■ WHAT THIS TASK INVOLVES:
With images removed, return the whole listing exactly as written.

■ INPUT DATA:
= Beginning of Section =
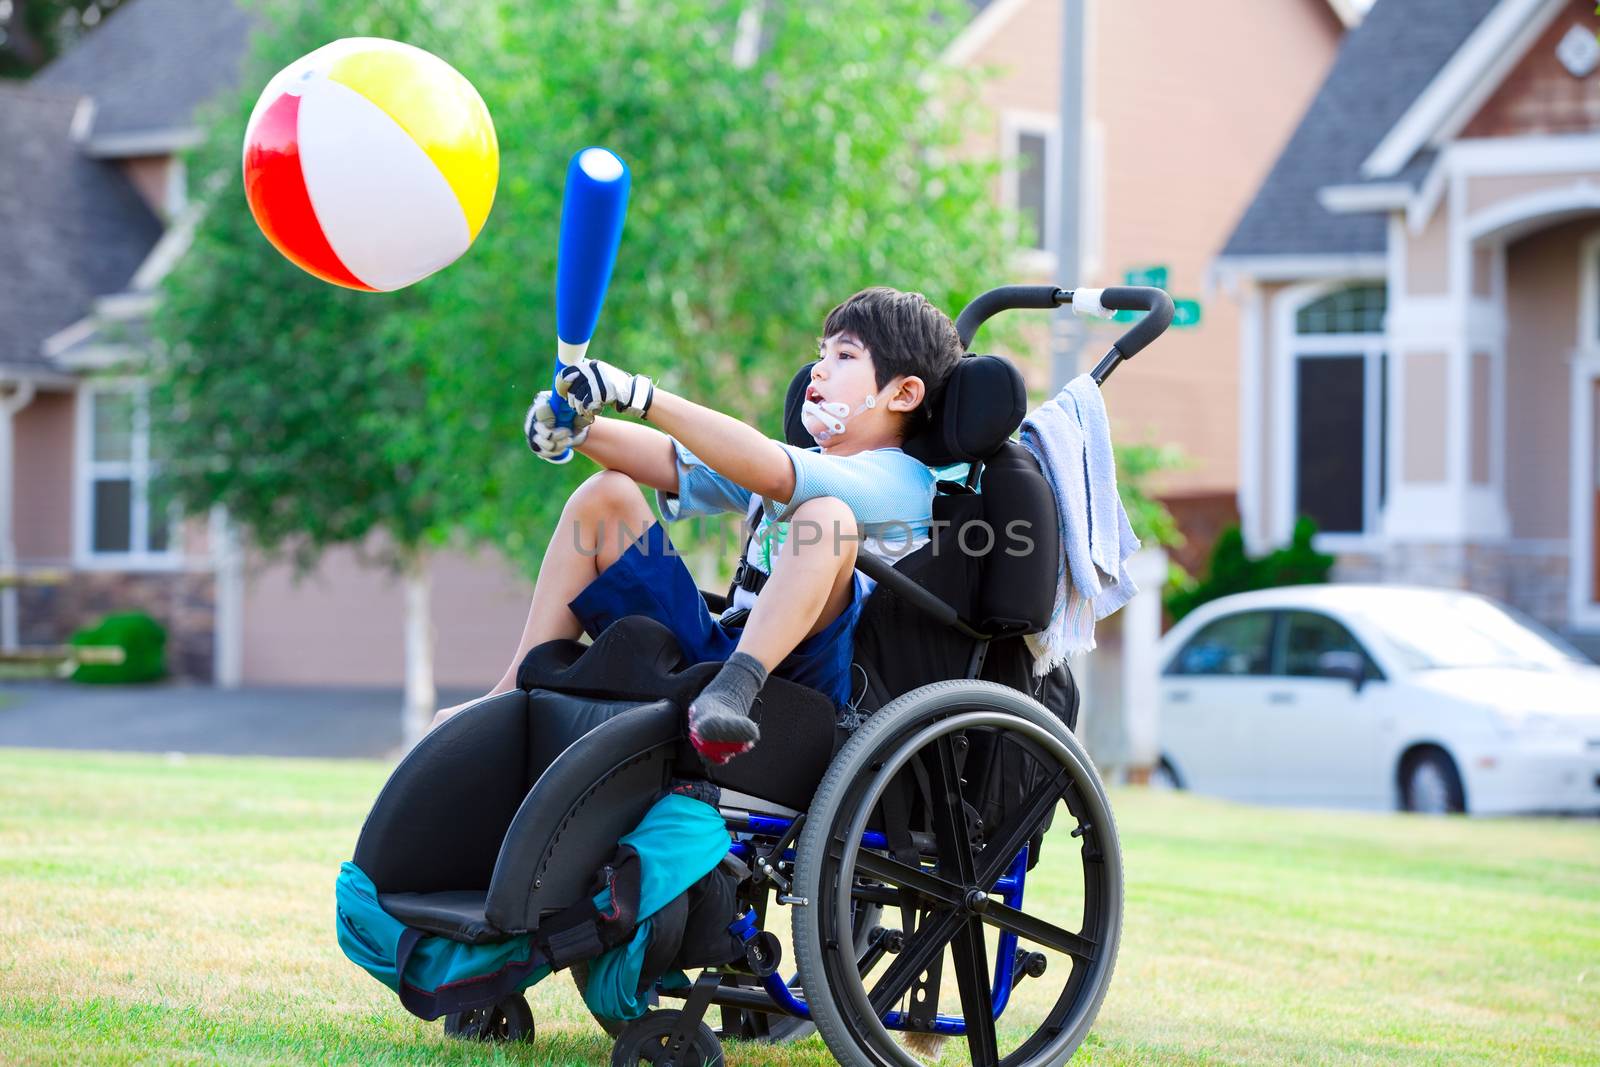 Disabled little boy playing ball in the park
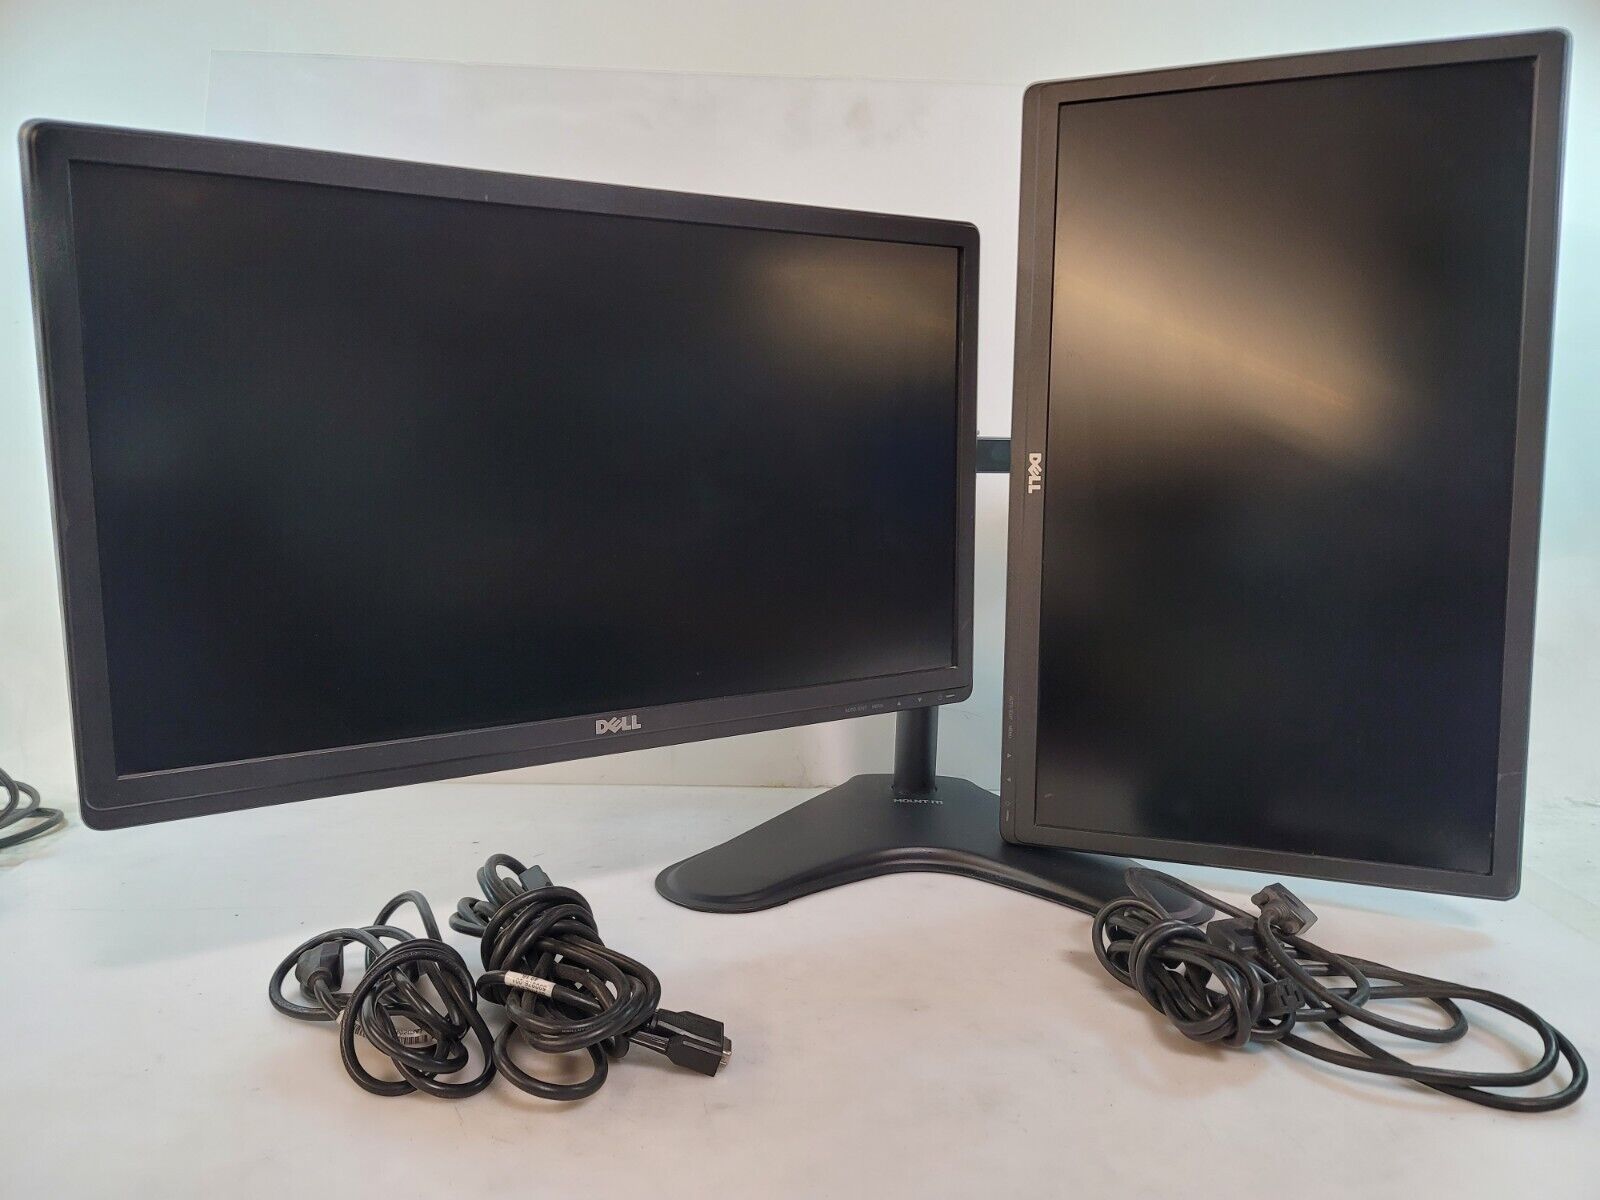 2x Dual Dell 24inch Business 1080p Gaming MonitorS W/ Dual Stand +Cables (Grd A)
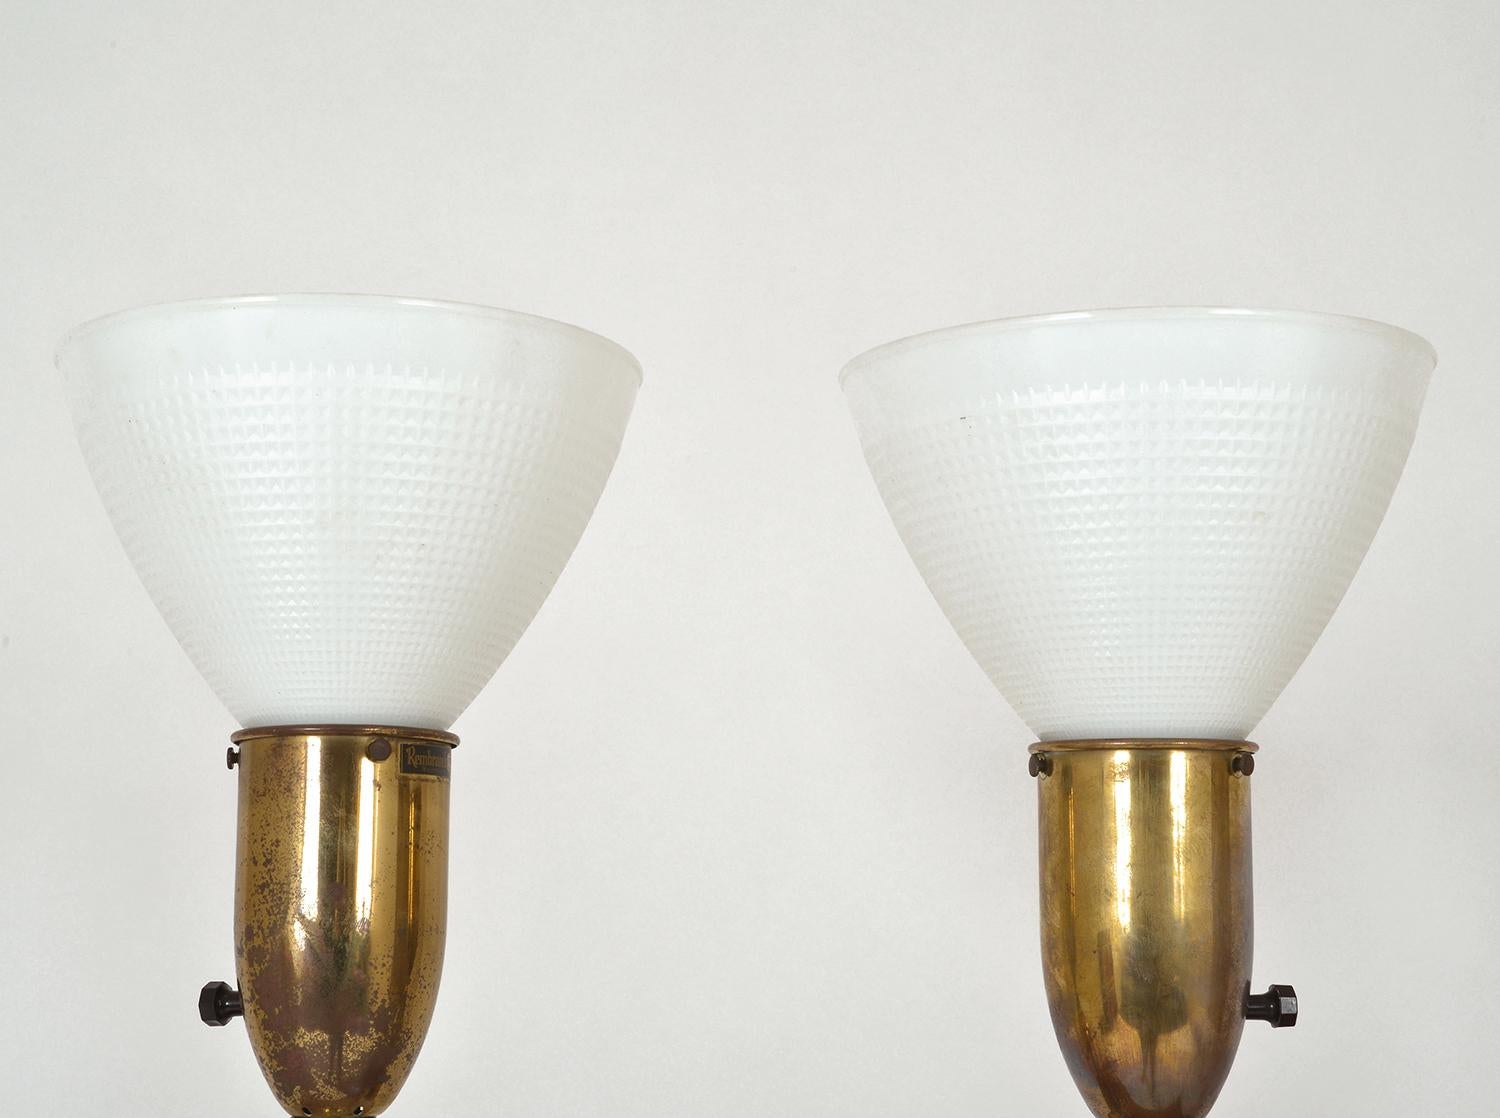 Pair of American Mid-Century Modern Obelisk Table Lamps by Rembrandt Lighting 10
= End of Section =
■ RESPONSE FOR THIS EXERCISE:
 Disabled little boy playing ball in the park
 2x Dual Dell 24inch Business 1080p Gaming MonitorS W/ Dual Stand +Cables (Grd A)
 Pair of American Mid-Century Modern Obelisk Table Lamps by Rembrandt Lighting 10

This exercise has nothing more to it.